Armed groups have killed more than 37 members of Tunisian security and armed forces and injured 148 since the ouster of Ben Ali. The most recent attack, in which four members of security forces were killed, was on the interior minister’s house in Kasserine, a city close to the Algerian border.   

The new draft contains several improvements over the previous 2003 law. It would provide reparations for terrorism victims, including free health care in public hospitals and judicial assistance. It would create a commission with representatives of relevant ministries, and headed by a magistrate, to devise a comprehensive strategy to combat terrorism aimed at drying up funding sources through education and other means.

The law would also prohibit the authorities from extraditing or deporting a person accused of terrorism when there are credible risks that the person would face torture or inhumane treatment in the other country.

However, the draft still contains a broad and ambiguous definition of terrorist activity that could permit the government to repress a wide range of internationally protected freedoms. For example, the draft could be used to prosecute as a terrorist act a public demonstration that led to “harming private and public property” or the disruption of public services.  
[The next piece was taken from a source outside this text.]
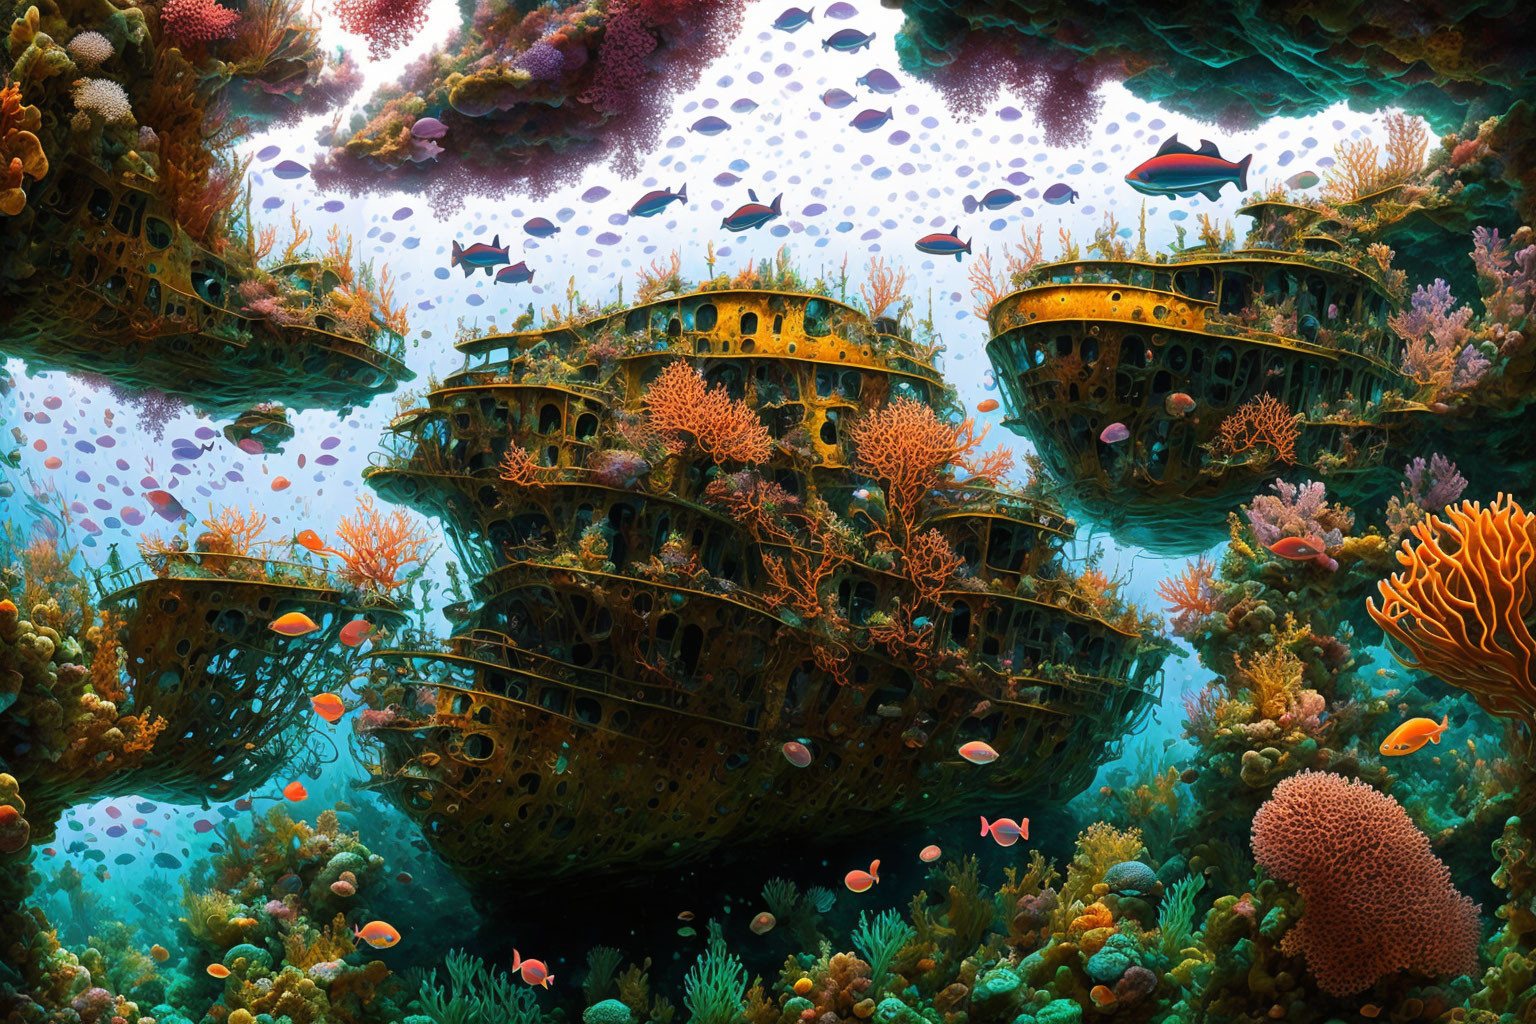 Vibrant Coral Reefs with Sunken Ships and Fish

Vague terminology on “praising terrorism” would allow prosecutions for using a term or symbol deemed supportive of terrorism, regardless of whether it was likely to result in any concrete act of violence. Some provisions would undermine fundamental due process rights, giving judges overly broad power to close hearings and call anonymous witnesses, for example.

The draft law does not contain sufficient safeguards against interfering with the right to privacy in authorizing surveillance. Rather than placing surveillance decisions under the exclusive oversight of independent judges, it extends the power to order such measures to prosecutors, who are still linked under Tunisian law to the executive branch.
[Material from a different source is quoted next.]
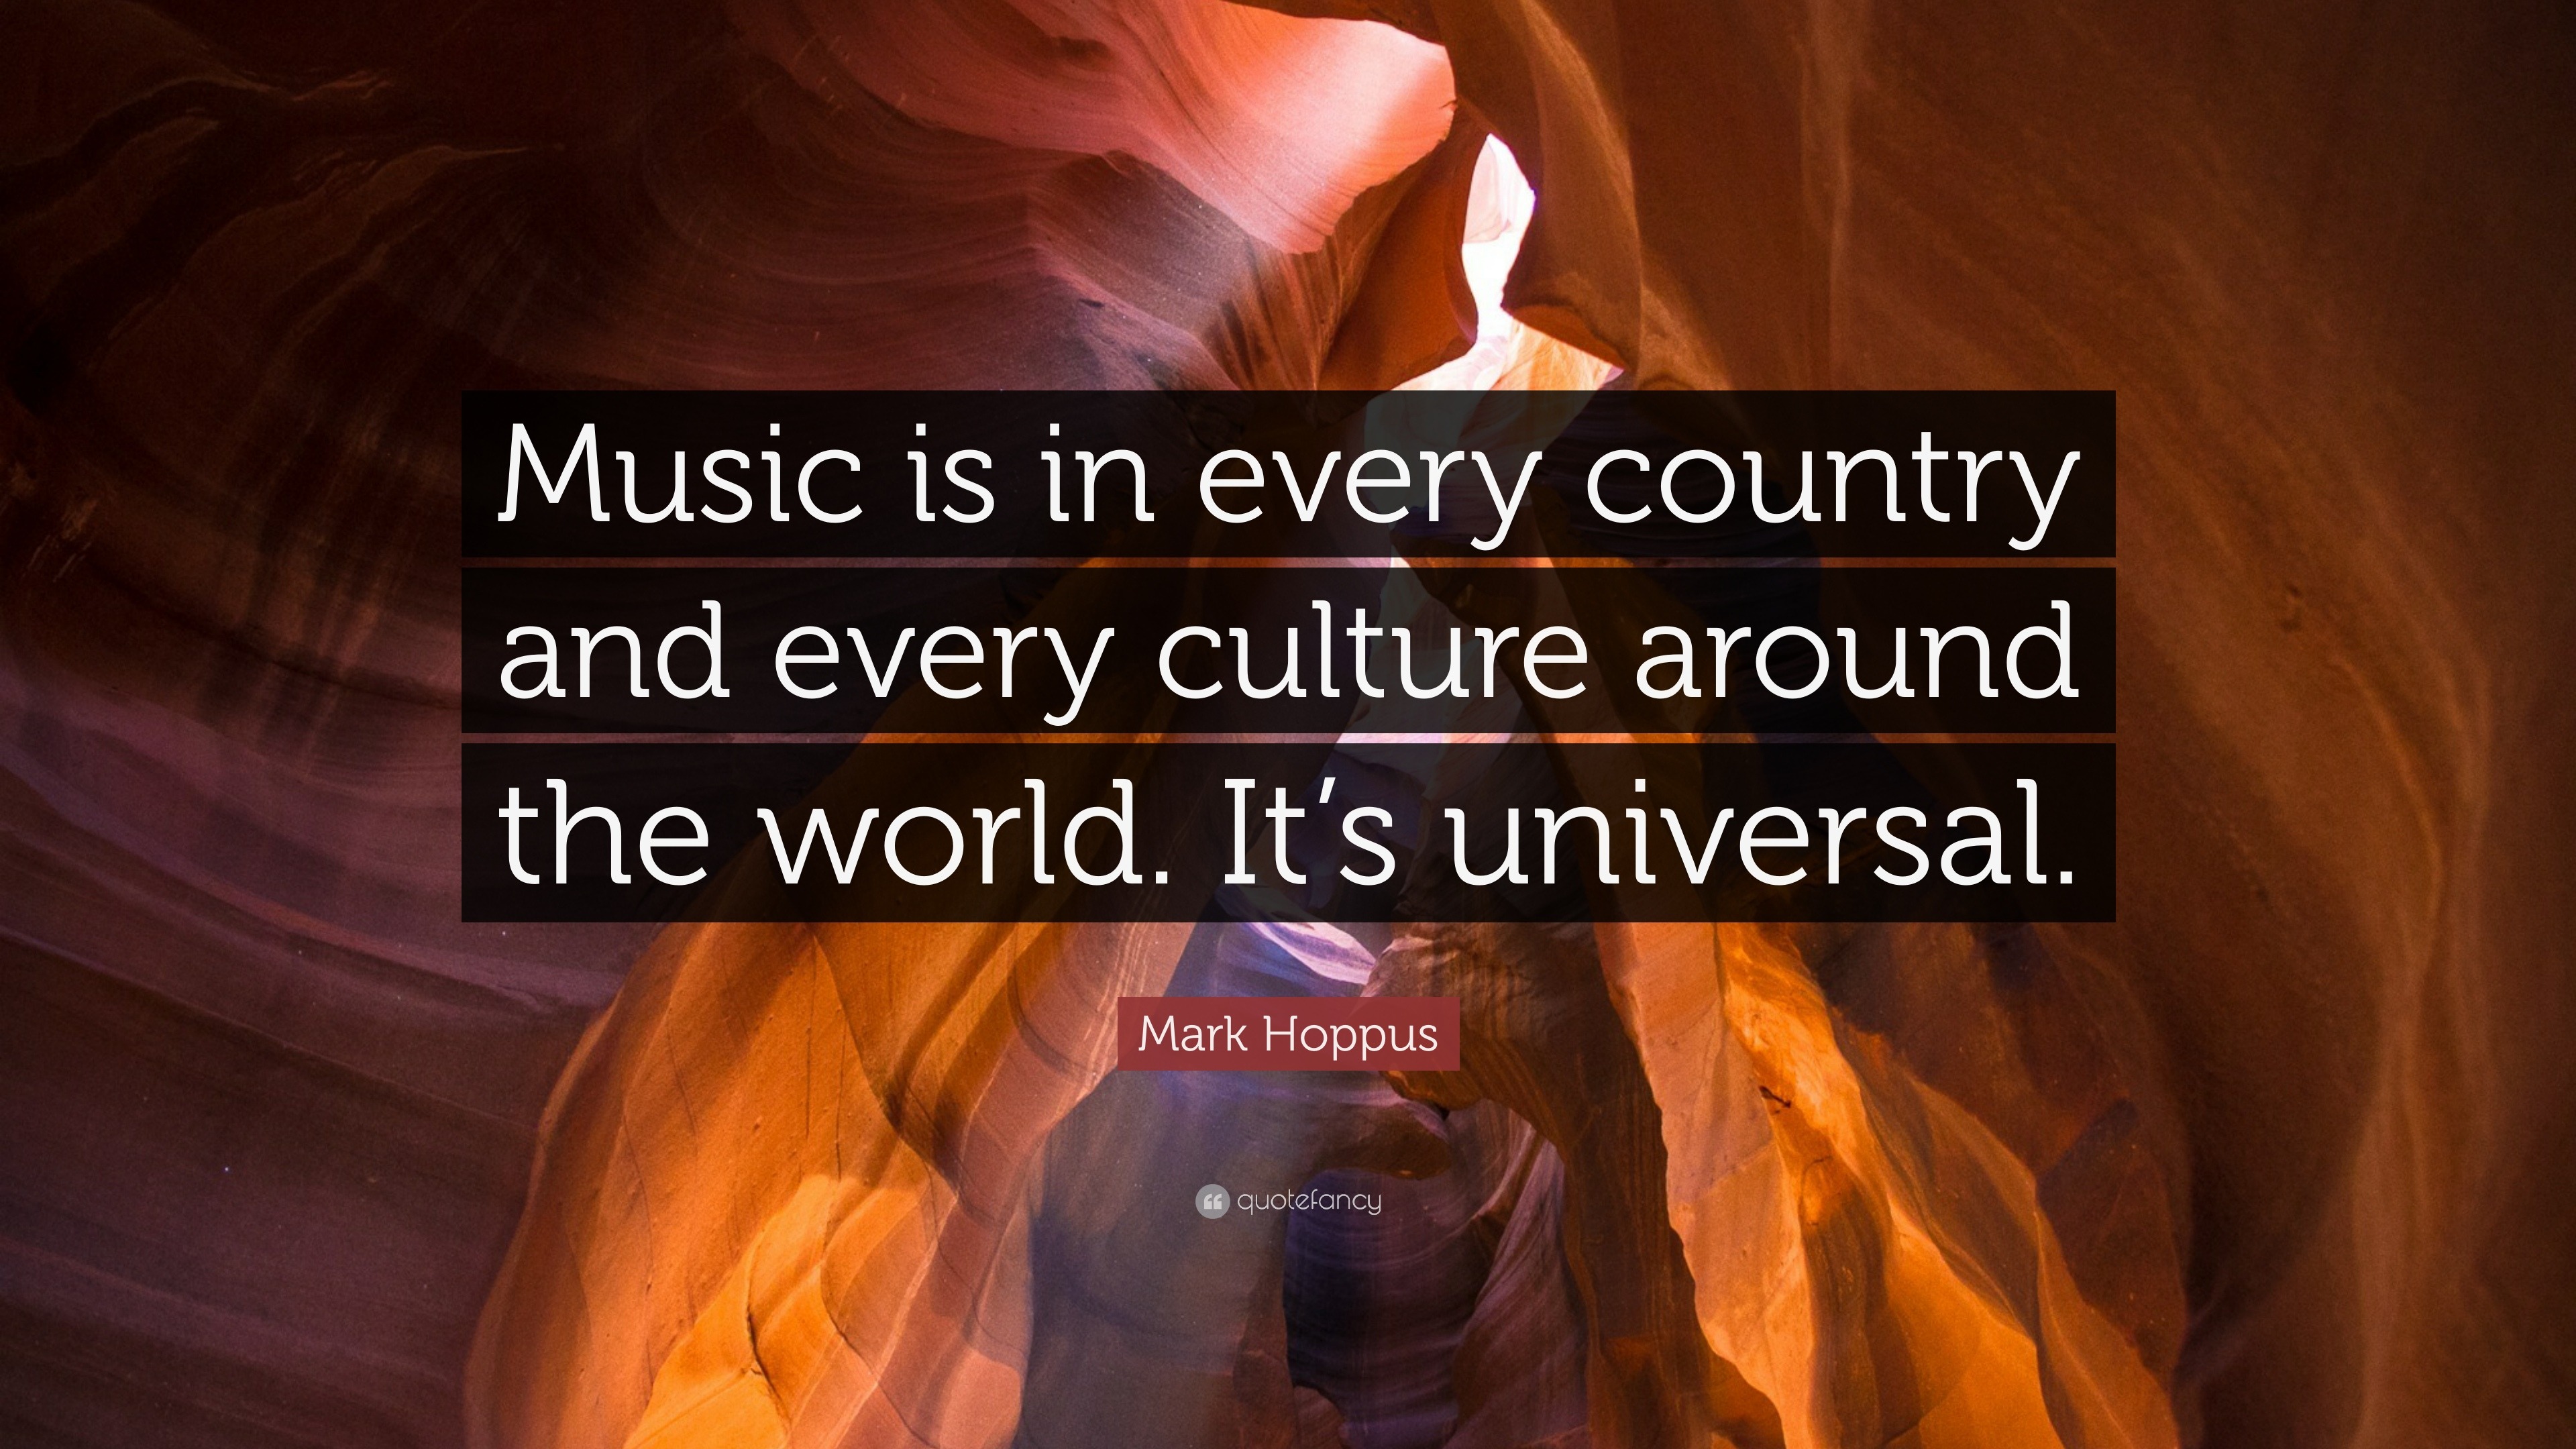 Mark Hoppus Quote: "Music is in every country and every ...

Tunisian legislators should remove from the draft overly broad offenses such as “harming public or private property” and harming “transportation means, communication networks, information and computer systems or public facilities.”  They should ensure that any crime, including any crime of terrorism, is clearly and narrowly defined in the country’s laws, so that people can predict whether any specific act would be a crime. The report by the former United Nations special rapporteur says that deadly or otherwise serious physical violence against members of the general population or segments of it must be the central element of any definition of terrorism.

Incitement to terrorism should require both a specific intent to incite commission of a terrorist act and a concrete danger that the act will be committed as a result. The law should also be revised to ensure that all basic fair trial rights, such as the right for the accused to examine, or have examined, the witnesses against them, apply equally to those charged with terrorism offenses as to those charged with other serious crimes. The law should ensure that all defendants can challenge the key evidence and witnesses against them, and that the identity of witnesses would only be protected in exceptional cases.

The privileged nature of lawyer-client communications, including lawyers’ files, should be respected, and it should not be a criminal offense to refuse to disclose such privileged information.

“Tunisia has been a leader in the region in rights-based reforms and should play the same role in the fight against terror,” Goldstein said. “Too often the effort to combat terrorism has been used as an excuse to silence legitimate criticisms.”